[AUTO-INF-4] Flaky test: memory_service_coverage_steps.py and resource_registry_model_steps.py use patched time.sleep(0.01) to ensure timestamp ordering — may fail on fast CI runners #10310

Open
opened 2026-04-18 08:33:32 +00:00 by HAL9000 · 0 comments
Owner

Metadata

Field Value
Branch fix/auto-inf-4-timestamp-ordering-sleep
Commit Message fix(tests): replace patched time.sleep with monotonic busy-wait in timestamp-ordering steps
Milestone v3.5.0
Parent Epic

Background and Context

Three step files use time.sleep(0.01) (10 ms) to ensure that two consecutive datetime.now() calls return different values, so that timestamp-ordering assertions pass:

1. features/steps/memory_service_coverage_steps.py

Line 437 (step_track_same_entity):

time.sleep(0.01)  # Small delay to ensure time difference
context.tracked_entity = context.memory_service.track_entity(...)

Lines 506–508 (step_memory_service_entities_over_time):

context.memory_service.track_entity("oldest", EntityType.PROJECT)
time.sleep(0.01)
context.memory_service.track_entity("middle", EntityType.PLAN)
time.sleep(0.01)
context.memory_service.track_entity("newest", EntityType.FILE)

Line 763 (step_track_same_entity_with_additional_metadata):

time.sleep(0.01)  # Small delay to ensure time difference
context.tracked_entity = context.memory_service.track_entity(...)

2. features/steps/resource_registry_model_steps.py

Line 479 (step_call_with_updated_at):

time.sleep(0.01)  # Ensure timestamp differs
context.new_resource = context.resource.with_updated_at()

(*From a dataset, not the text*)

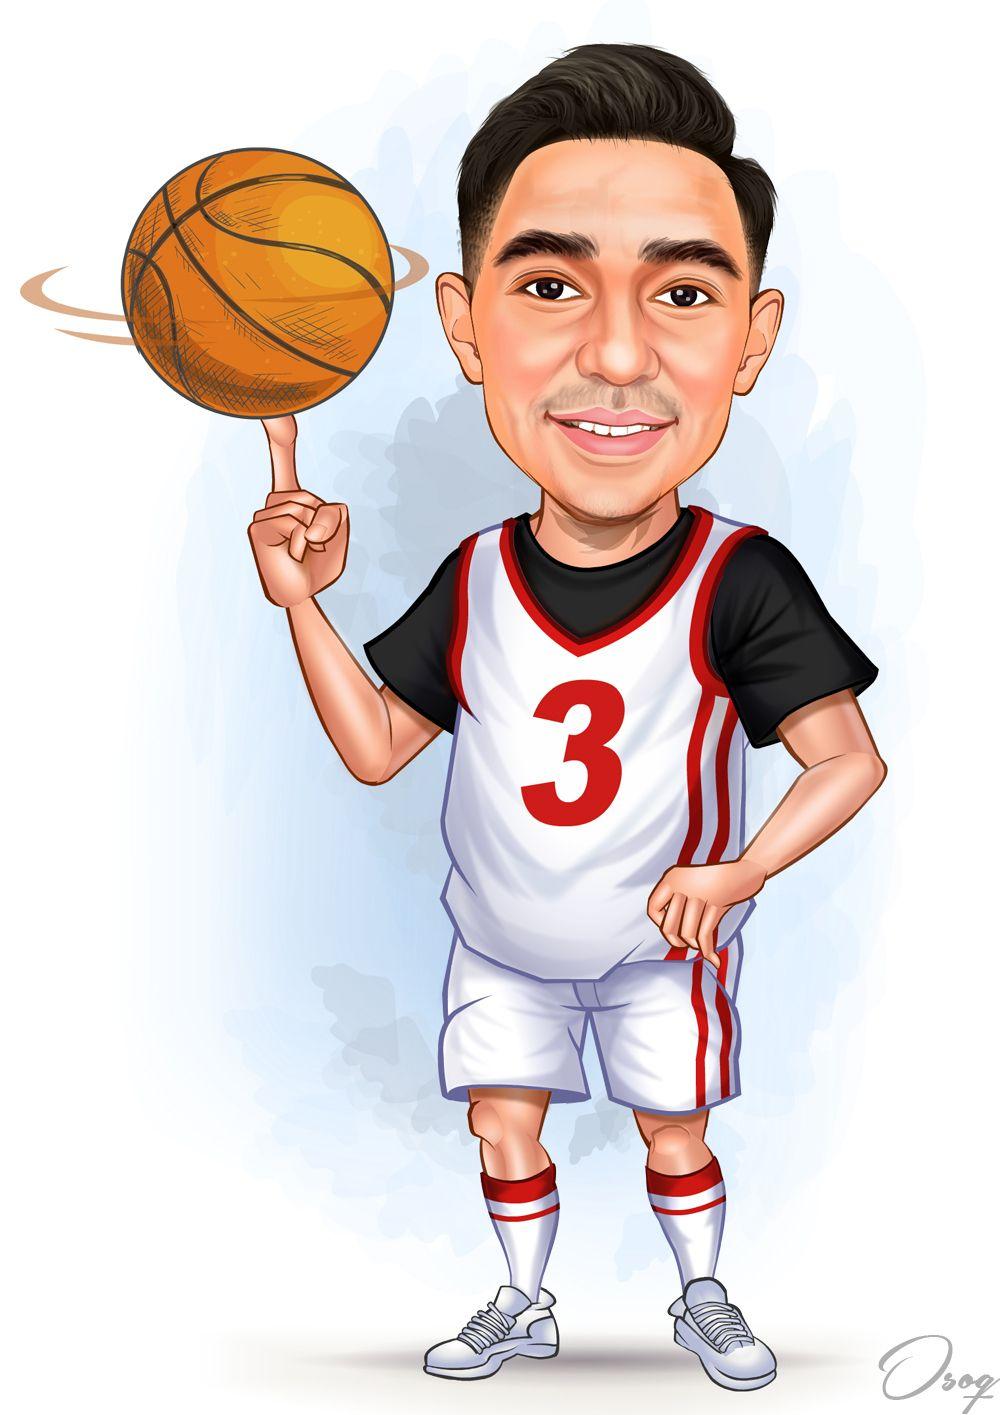 Basketball Cartoon Cartoon Man Basketball Players Basketball Bedroom Girls

The features/environment.py before_all hook installs a fast-sleep patch (_install_fast_sleep_patch) that caps time.sleep() at 10 ms globally:

_MAX_SLEEP = 0.01  # 10 ms cap

def _capped_sleep(seconds: float) -> None:
    time._original_sleep(min(seconds, _MAX_SLEEP))

time.sleep = _capped_sleep

The requested sleep of 0.01 seconds (10 ms) is exactly at the cap. The actual sleep duration is min(0.01, 0.01) = 0.01 seconds — the patch does not reduce it. However, on fast CI runners (e.g., the python:3.13-slim Docker container), the system clock resolution may be coarser than 10 ms, meaning that two consecutive datetime.now() calls separated by a 10 ms sleep may still return the same microsecond value.

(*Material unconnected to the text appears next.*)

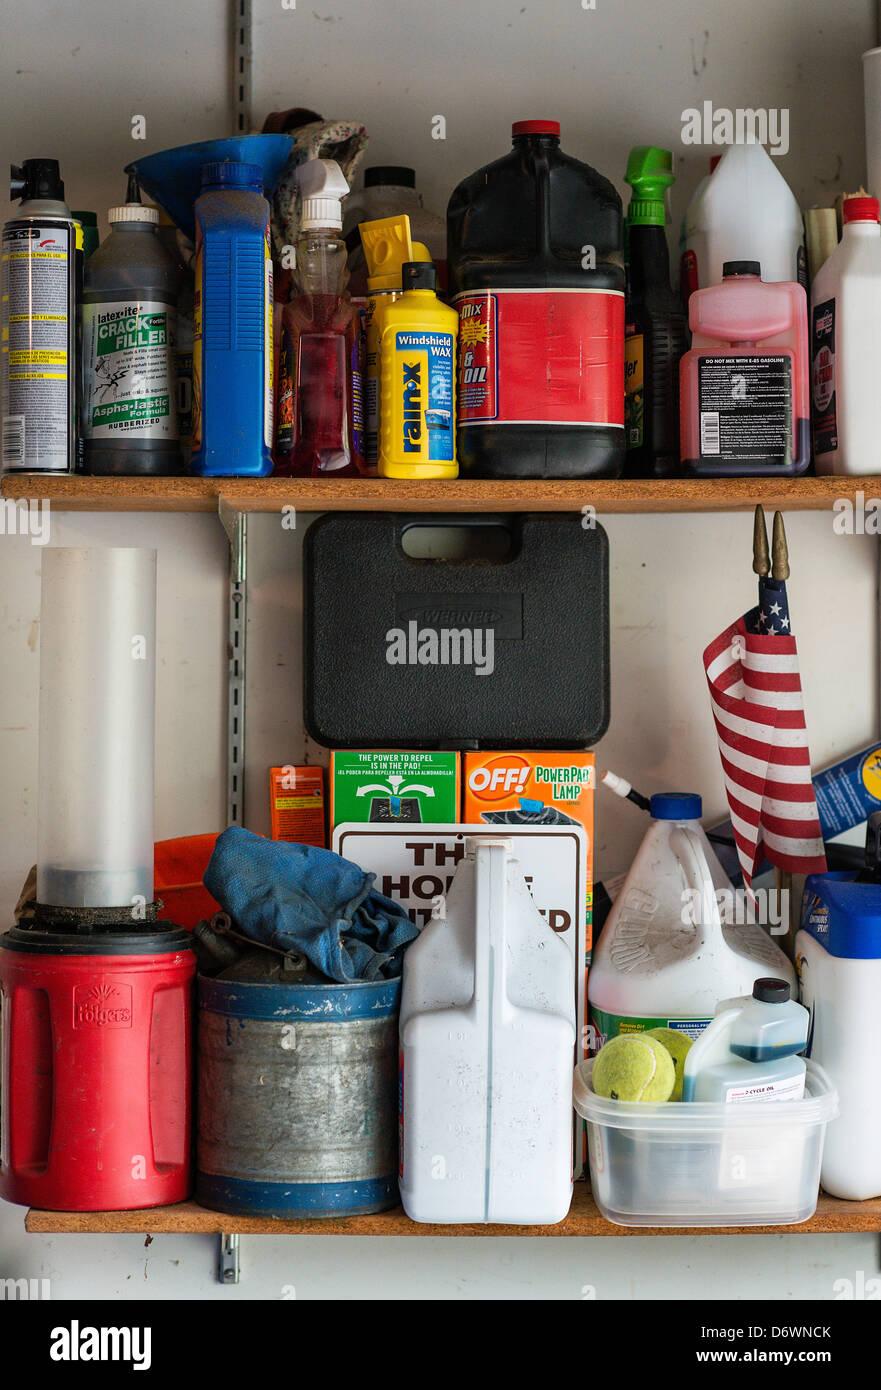 Product storage on a garage shelf. - Stock Image

This is the exact same root cause as the previously fixed test_example_flaky_test (documented in features/test_infra_flaky_test_example.feature):

The root cause was that the async-job heartbeat step used a bare time.sleep(0.01) that was insufficient on fast CI runners, causing the "heartbeat updated" assertion to fail intermittently when two consecutive datetime.now(UTC) calls returned the same microsecond value.

The fix replaces the fixed sleep with a monotonic busy-wait that spins until the clock has actually advanced, making the step deterministic on any hardware.

The same fix pattern should be applied to these three step files.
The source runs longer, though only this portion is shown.